Pinni quips that it may be the other way around. Beaver gets angry and buries Pinni in words. He says Pinni is far too clever for America! They don’t like smart alecks in America! America is a country where there’s no time for fooling around. In America you say what you mean, you mean what you say. In America your word is your word. America is built on truth, honesty, righteousness, honor, humanity, compassion, justice, equality, confidence, and faith.
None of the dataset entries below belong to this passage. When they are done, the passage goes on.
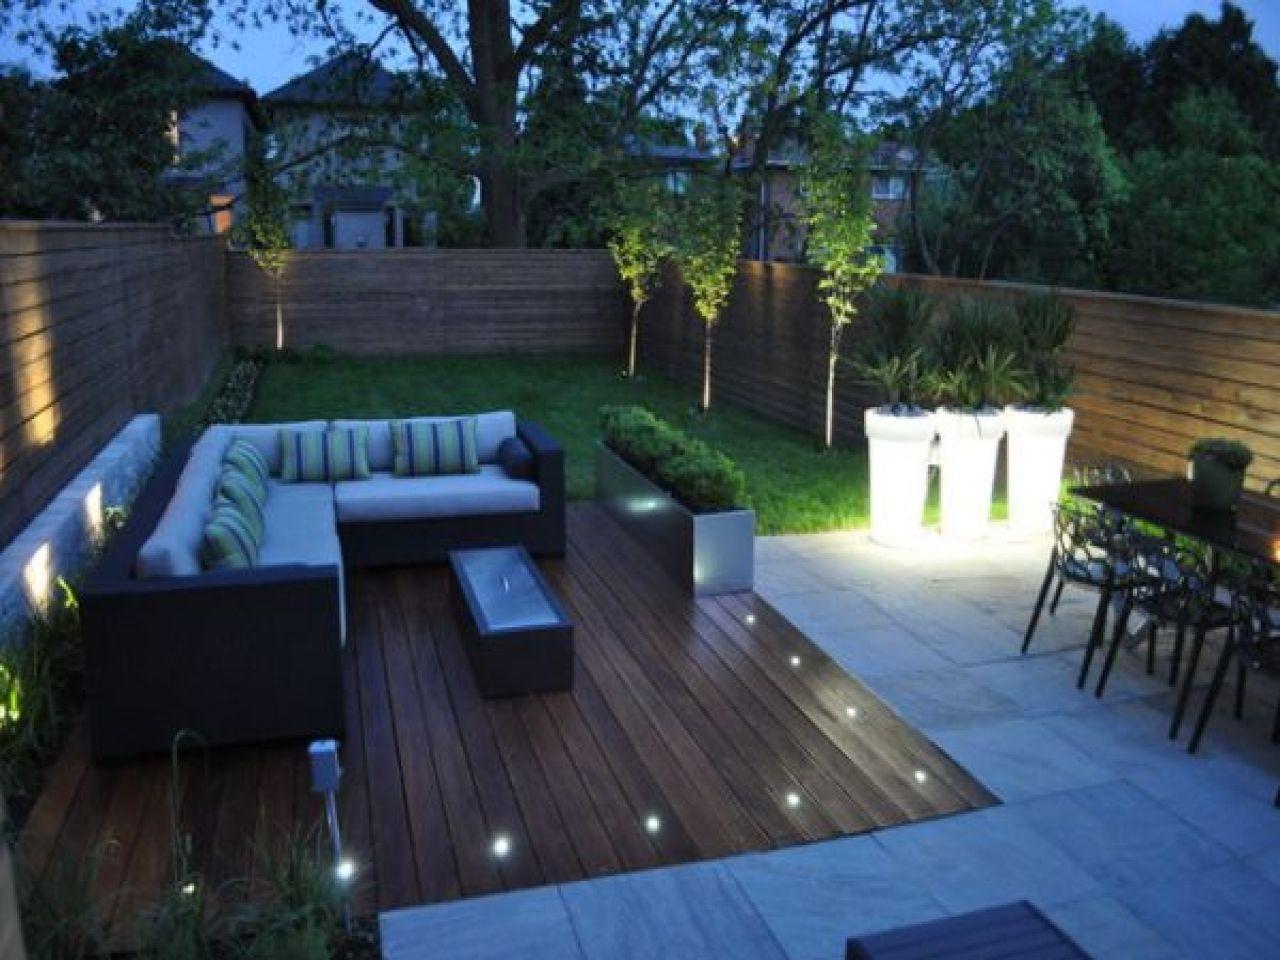 Modern Backyard Deck Design Ideas Back Yard Decks Daa7c59a3158701b 1280x960
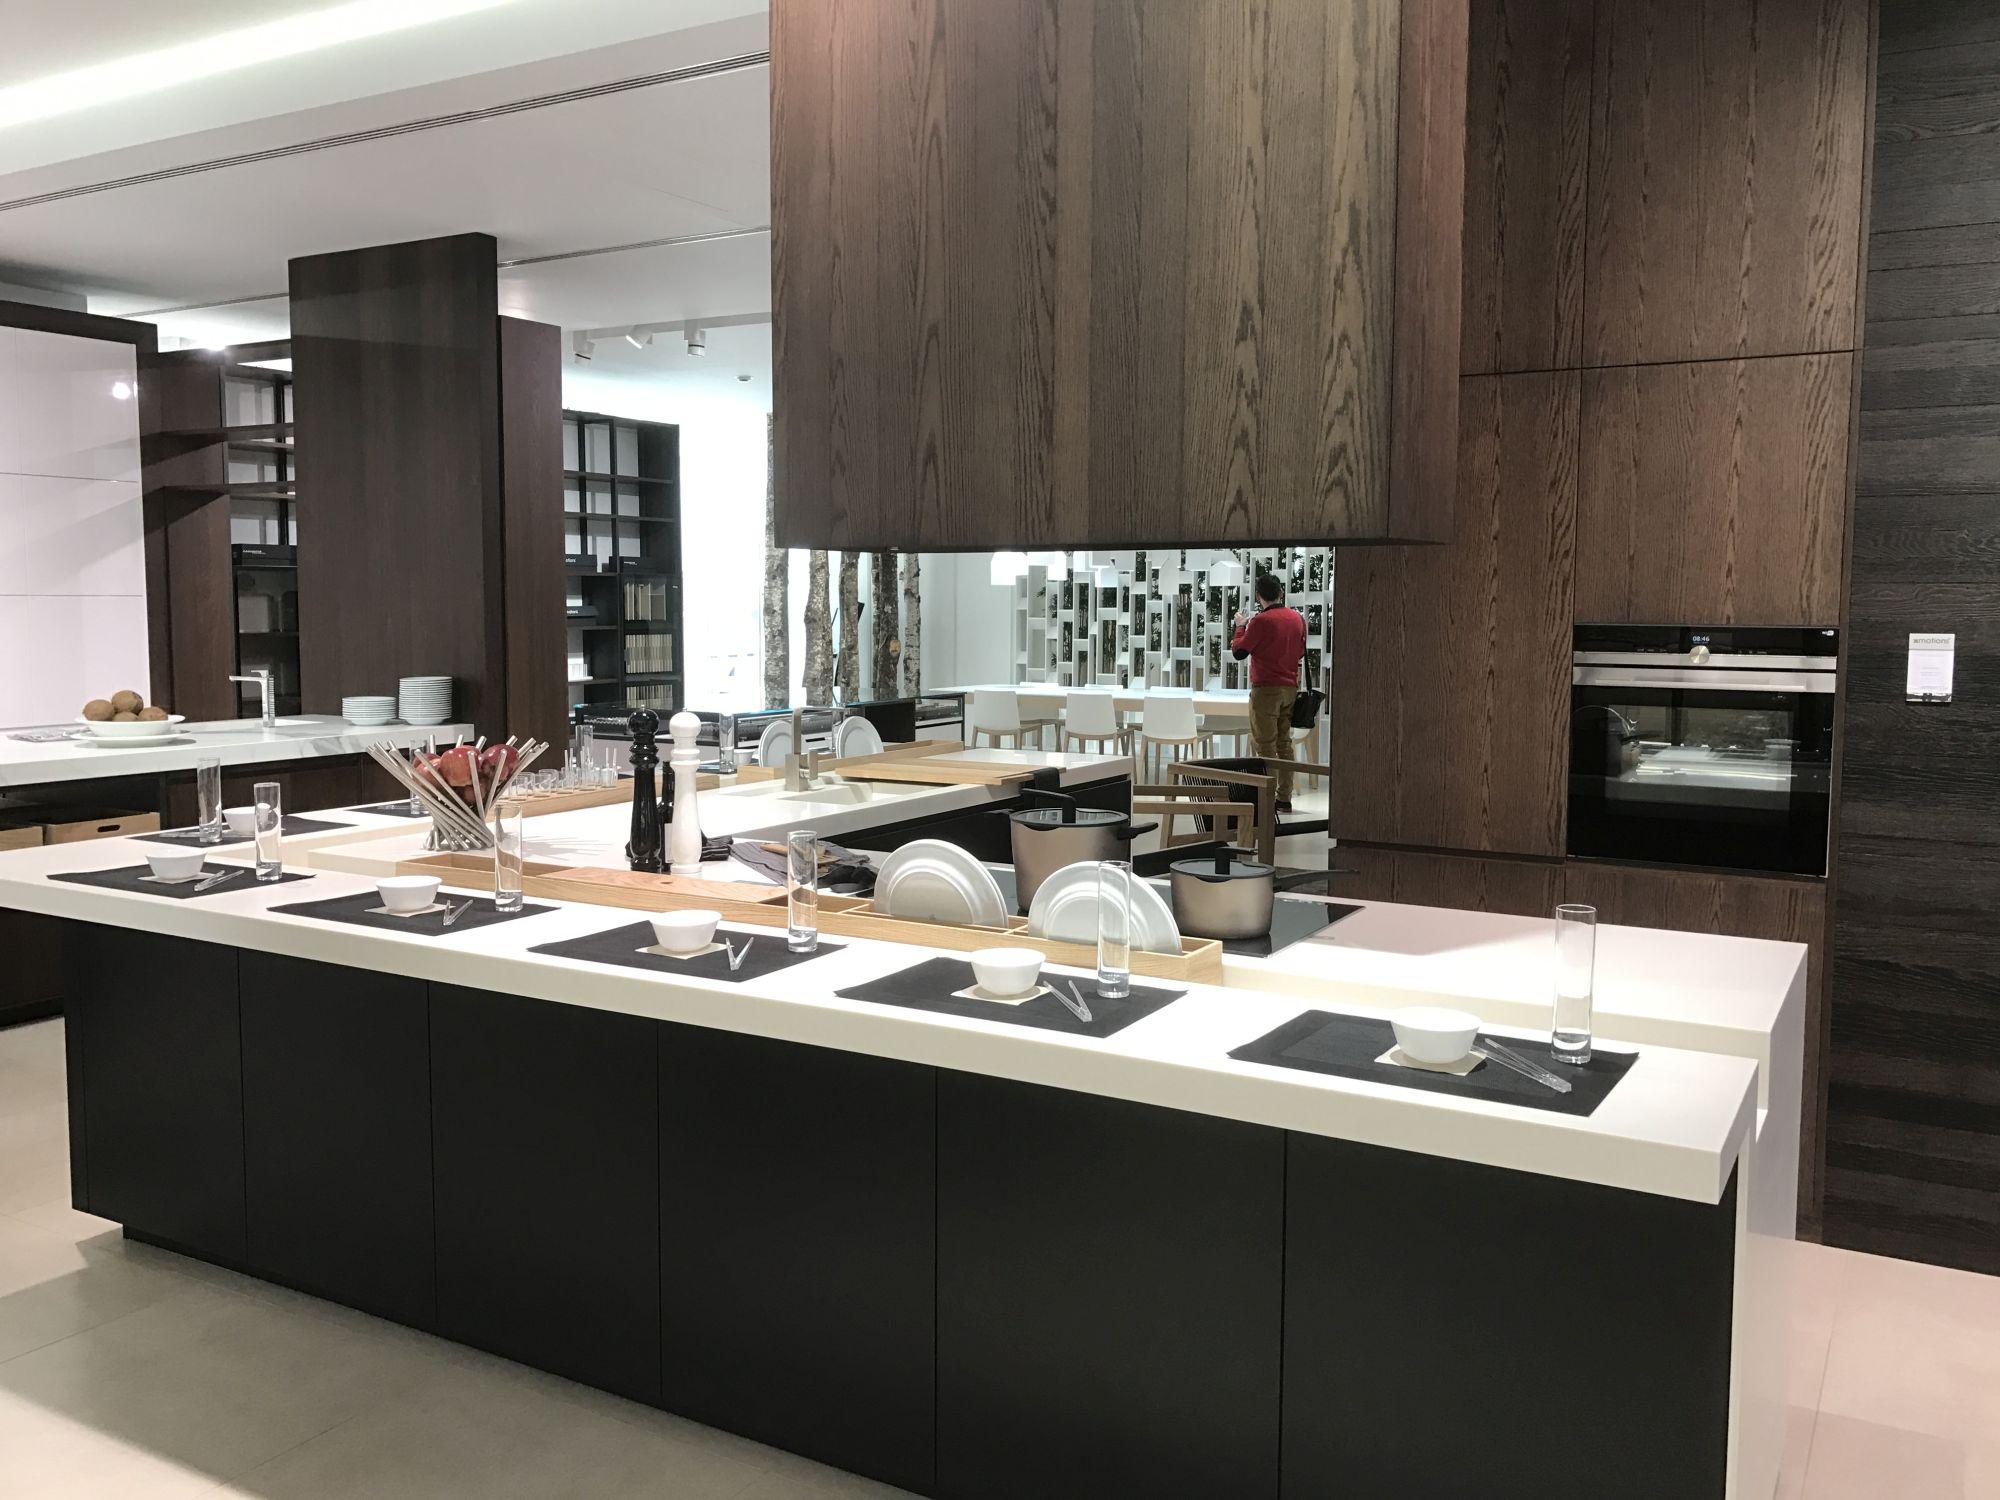 Luxurious-kitchen-design-GamaDecor
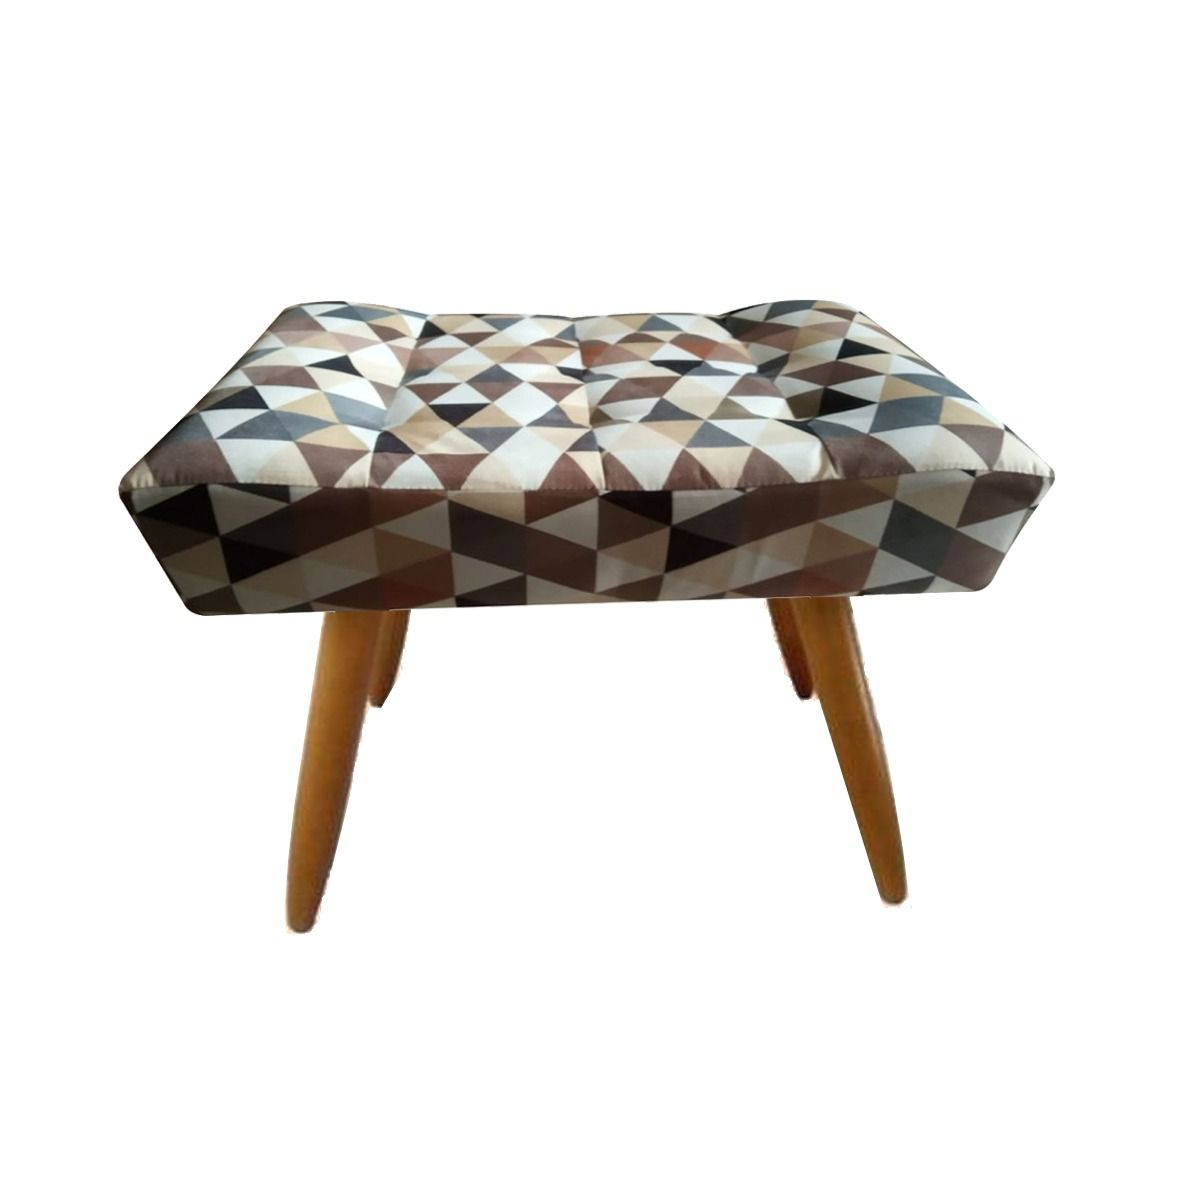 Kit 02 Poltrona Decorativa Nina com e Puff retangular Triângulos Bege - Bela Casa Shop
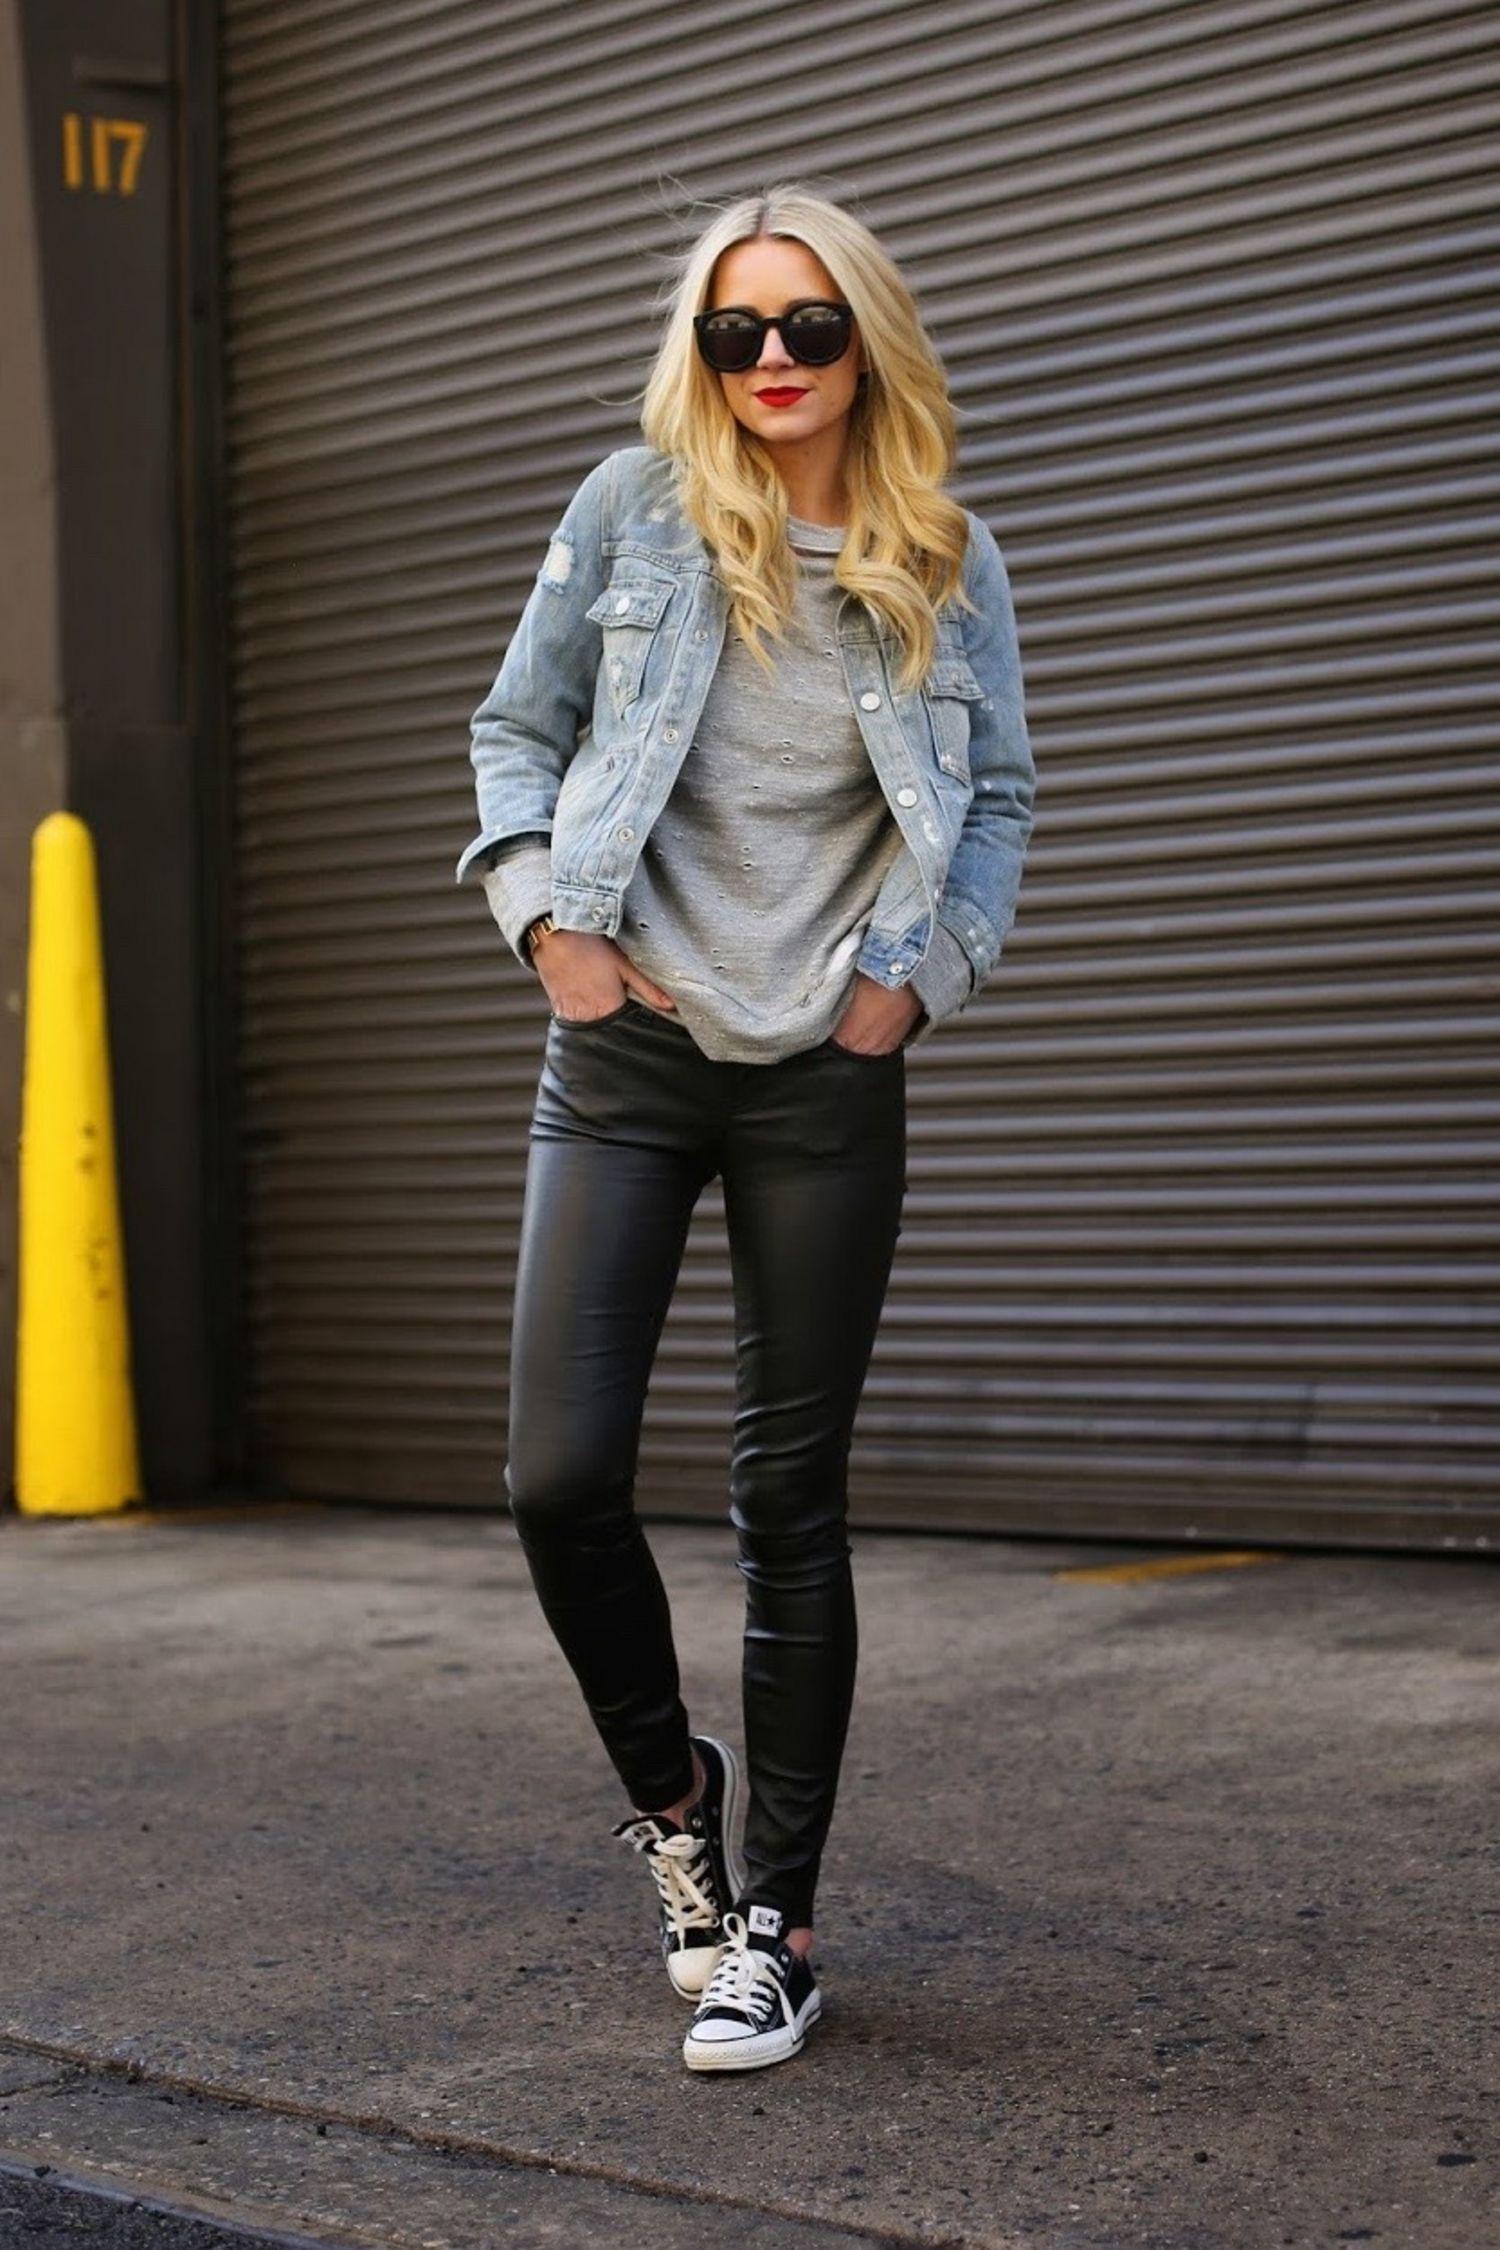 Women Leather Pants with Denim Jacket

“And on what else?” asks Pinni.

This infuriates Beaver all the more! Too bad they’re interrupted just then. Someone is asking for us outside. Who can it be? We go out — guests! Guests! Guests! Our in-laws have arrived, Yoneh the baker and his whole gang! A new gang! Again there is great joy: my sister-in-law Bruche is kissing her parents, and my brother Elyahu is kissing his father-in-law and mother-in-law. Pinni can’t hold back and also kisses our in-laws.

Beaver joins in and kisses them too. Puzzled, the guests ask, “Who’s this?”

“I’m Beaver,” he explains.

Pinni bursts out laughing. And my mother? She does what she always does — she cries! My brother Elyahu is ready to kill himself. He looks at her and tugs at his beard, but this time he says nothing. These are, after all, relatives, in-laws from the same town. Why shouldn’t she have a good cry?

“How did you steal across the border, and where did they finally welcome you?” we ask our in-laws, and they have tales enough to tell! But I have no patience for their stories. I go off into a corner with Bruche’s little sister Alteh. She’s ten years old now, almost eleven, the same age as Goldele, the poor little girl who was left behind in Antwerp on account of her eyes. I tell Alteh about Goldele and her sick eyes, about my friends Big Motl and Mendl, about the Ezra and Fräulein Zaichik, who writes things down in a book, and about the doctor who examines eyes. I tell her all about Vienna and the Alliance that hates Jews, about Cracow and Lemberg, and how we stole across the border and barely escaped with our lives. I don’t leave anything out.

Alteh listens wide-eyed to everything I say. Then she tells me what happened to them. Her father had long wanted to go to America, but not her mother and the rest of the family. They said that in America you had to work hard, and her mother wasn’t accustomed to that. Her mother had a fur cape that her father had bought in the good years when they still had money. Now that things were bad and the creditors were pestering them, they decided to sell everything and go to America.

But when it came to selling the fur cape, her mother refused, insisting she’d sell everything except the fur cape. Her father pleaded, “Why do you need a fur cape? In America you don’t need a fur cape!” Her mother protested, “What do you mean? How many years did I beg God for a fur cape, and then I finally lived to have one. I have no intention of selling it now.” Day and night all they heard at home was “fur cape.” The whole family took the mother’s side, fighting with the father. It almost led to a divorce between her father and mother, all on account of the fur cape. Who got their way? Of course, her mother! They didn’t sell the fur cape. They brought it with them, wrapping it separately in a package. But by the time they got to the border, it had disappeared.